On Forgetfulness and 9/11

By Jeffrey Goldberg
There's a disconcerting moment in one of the many triumphalist stories today about the world's Obama-inspired jubilation. Don't get me wrong, I'm all for jubilation, and like Andrew, I think that Obama's popularity is an important (though perhaps ephemeral) weapon in the war on terror. But Ethan Bronner's piece in today's Times contains this odd, unknowing passage:

It would be hard to overstate how fervently vast stretches of the globe wanted the election to turn out as it did to repudiate the Bush administration and its policies. Poll after poll in country after country showed only a few -- Israel, Georgia, the Philippines -- favoring a victory for Senator John McCain.

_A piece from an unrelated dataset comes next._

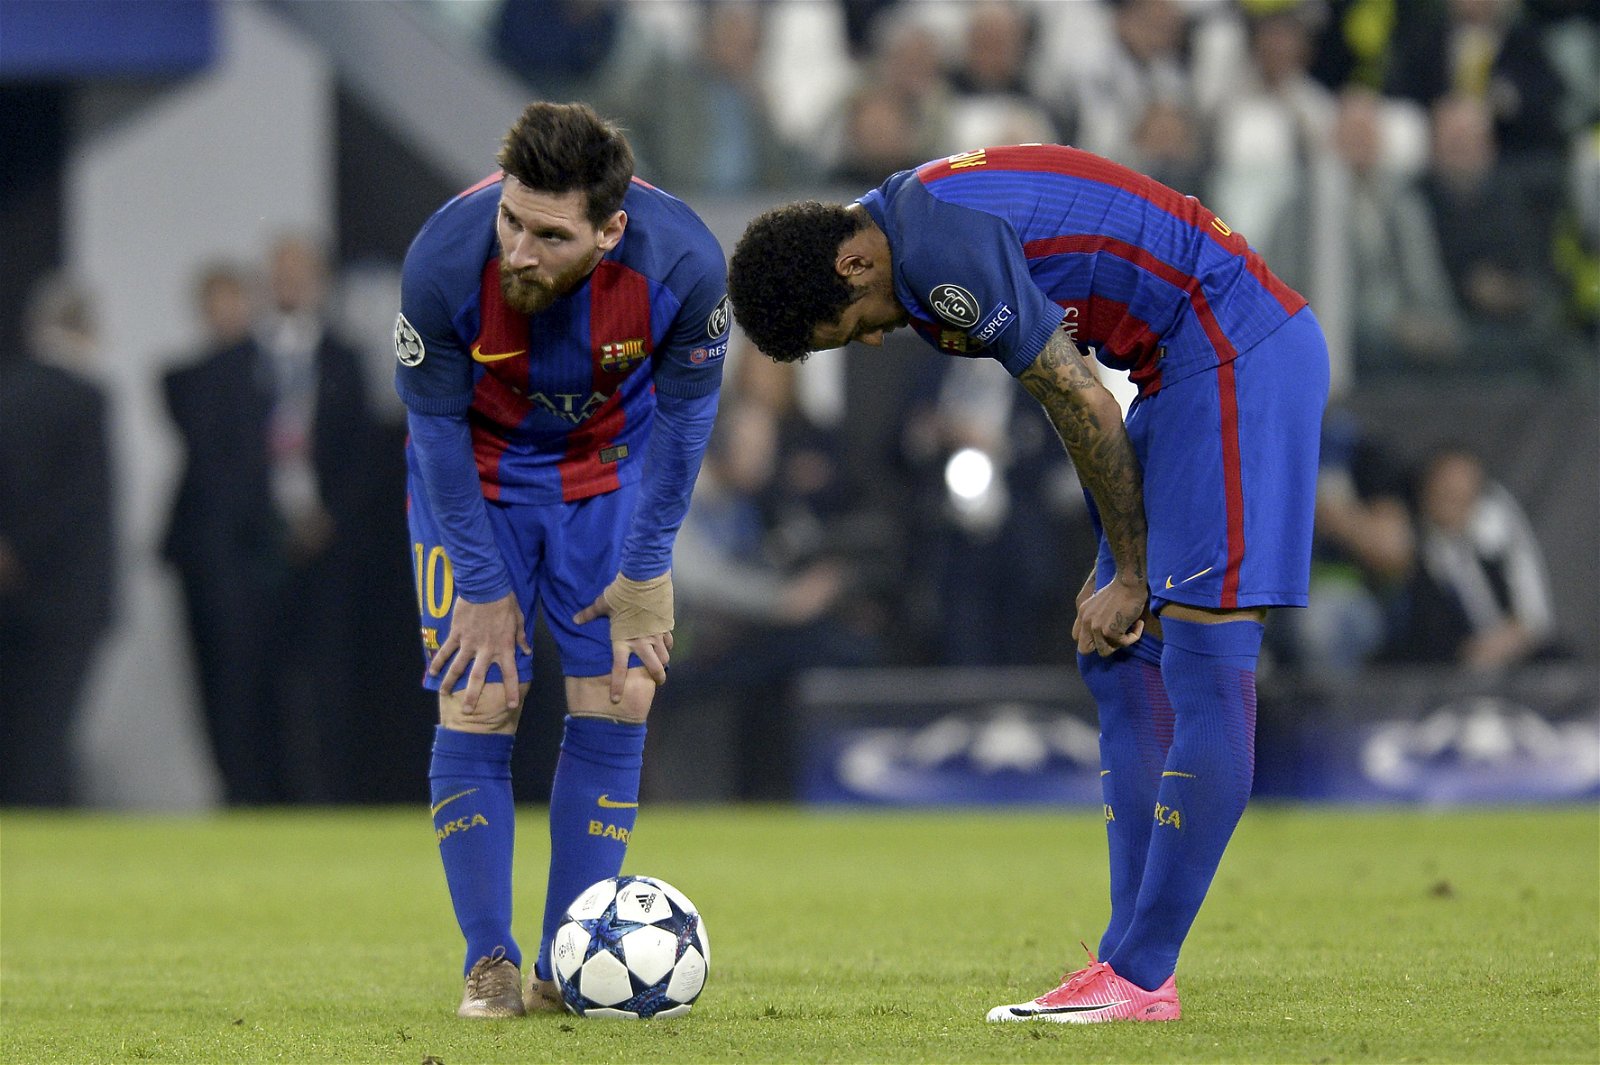 Valverde provides updates on Messi and Neymar

"Since Bush came to power it's all bam, bam, bam on the Arabs," asserted Fathi Abdel Hamid, 40, as he sat in a Cairo coffee house.
Bronner doesn't call out Fathi Abdel Hamid, so allow me: If I recall correctly, George W. Bush was pretty much uninterested in dropping bombs on Arab and Muslim countries until a large, diverse group of Arabs, operating out of the Muslim country of Afghanistan, attacked the United States on September 11th, 2001, murdering more than three thousand people.

There are many in the Muslim world who find America's actions over the past seven years inexplicable. Some of our actions have indeed been inexplicable, but they're all rooted in a trauma that many people seem to have forgotten.